Your version makes sense. I understood the OP's approach as being different.

Two (very, if indexed properly) short transactions at start and end are a good solution. One caveat is that the worker can die after t1, but before t2 - hence jobs need a timeout concept and should be idempotent for safe retrying.

This gets you "at least once" processing.

> this obviously has the drawback of knowing how long to sleep for; and tasks not getting "instantly" picked up, but eh, tradeoffs.

Right. I've had success with exponential backoff sleep.

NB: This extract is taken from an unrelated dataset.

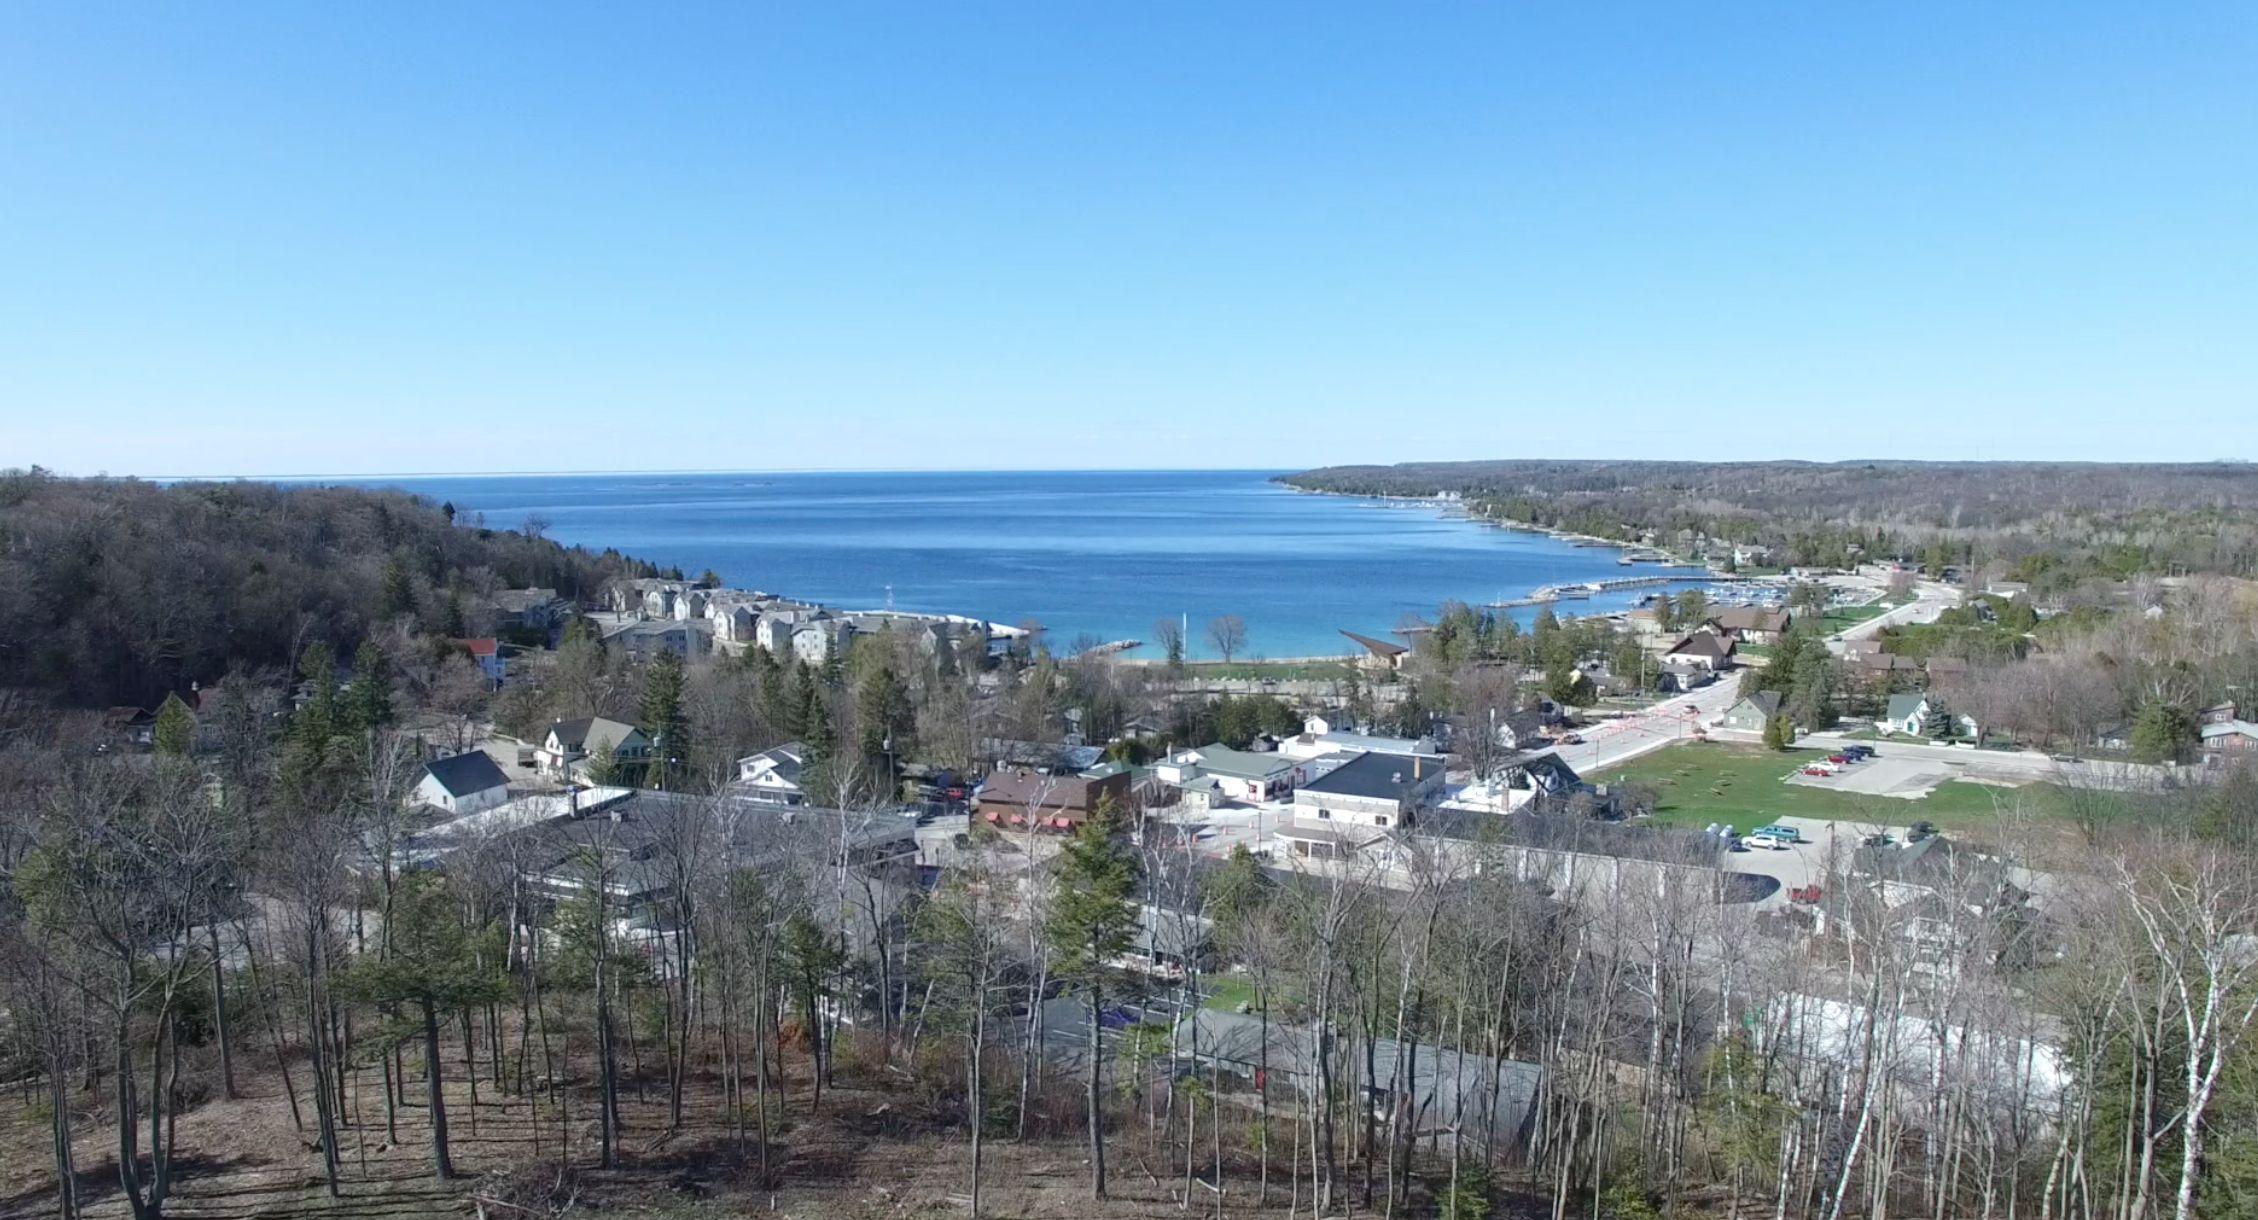 Pin By David Kaster On Ilovedoorcounty Com Harbor View Sister Bay Views

In a busy system, means sleeps remain either 0 or very short.

Another solution is Postgres LISTEN/NOTIFY: workers listen for events and PG wakes them up. On the happy path, this gets instant job pickup. This should be allowed to fail open and understood as a happy path optimization.

As delivery can fail, this gets you "at most once" processing (which is why this approach by itself it not enough to drive a persistent job queue).

A caveat with LISTEN/NOTIFY is that it doesn't scale due to locking [1].

[1]: https://www.recall.ai/blog/postgres-listen-notify-does-not-s...

What are you thoughts on using Redis Streams or using a table instead of LISTEN/NOTIFY (either a table per topic or a table with a compound primary key that includes a topic - possibly a temporary table)?

I've not used Redis Streams, but it might work. I've seen folks advise against PG, in favor of Redis for job queues.

> using a table instead of LISTEN/NOTIFY

What do you mean? The job queue is backed by a PG table. You could optionally layer LISTEN/NOTIFY on top.

I've had success with a table with compound, even natural primary keys, yes. Think "(topic, user_id)". The idea is to allow for PARTITION BY should the physical tables become prohibitively large. The downsides of PARTITION BY don't apply for this use case, the upsides do (in theory - I've not actually executed on this bit!).

Per "topic", there's a set of workers which can run under different settings (e.g. number of workers to allow horizontal scaling - under k8s, this can be automatic via HorizontalPodAutoscaler and dispatching on queue depth!).

They're proposing doing it in one transaction as a heartbeat.

> - If you find an unlocked task in 'executing', you know the processor died for sure. No heuristic needed

Yes, and that cannot work: if a task is unlocked but in 'executing' state, how was it unlocked but its state not updated?

If a worker/processor dies abruptly, it will neither unlock nor set the state appropriately. It won't have the opportunity. Conceptually, this failure mode can always occur (think, power loss).

If such a disruption happened, yet you later find tasks unlocked, they must have been unlocked by another system. Perhaps Postgres itself, with a killer daemon to kill long-running transactions/locks. At which point we are back to square one: the job scheduling should be robust against this in the first place.

This is exactly what we're doing. Works like a charm.

Don't have to keep transaction open. What I do is:

1. Select next job

2. Update status to executing where jobId = thatJob and status is pending

3. If previous affected 0 rows, you didn't get the job, go back to select next job

If you have "time to select" <<< "time to do" this works great. But if you have closer relationship you can see how this is mostly going to have contention and you shouldn't do it.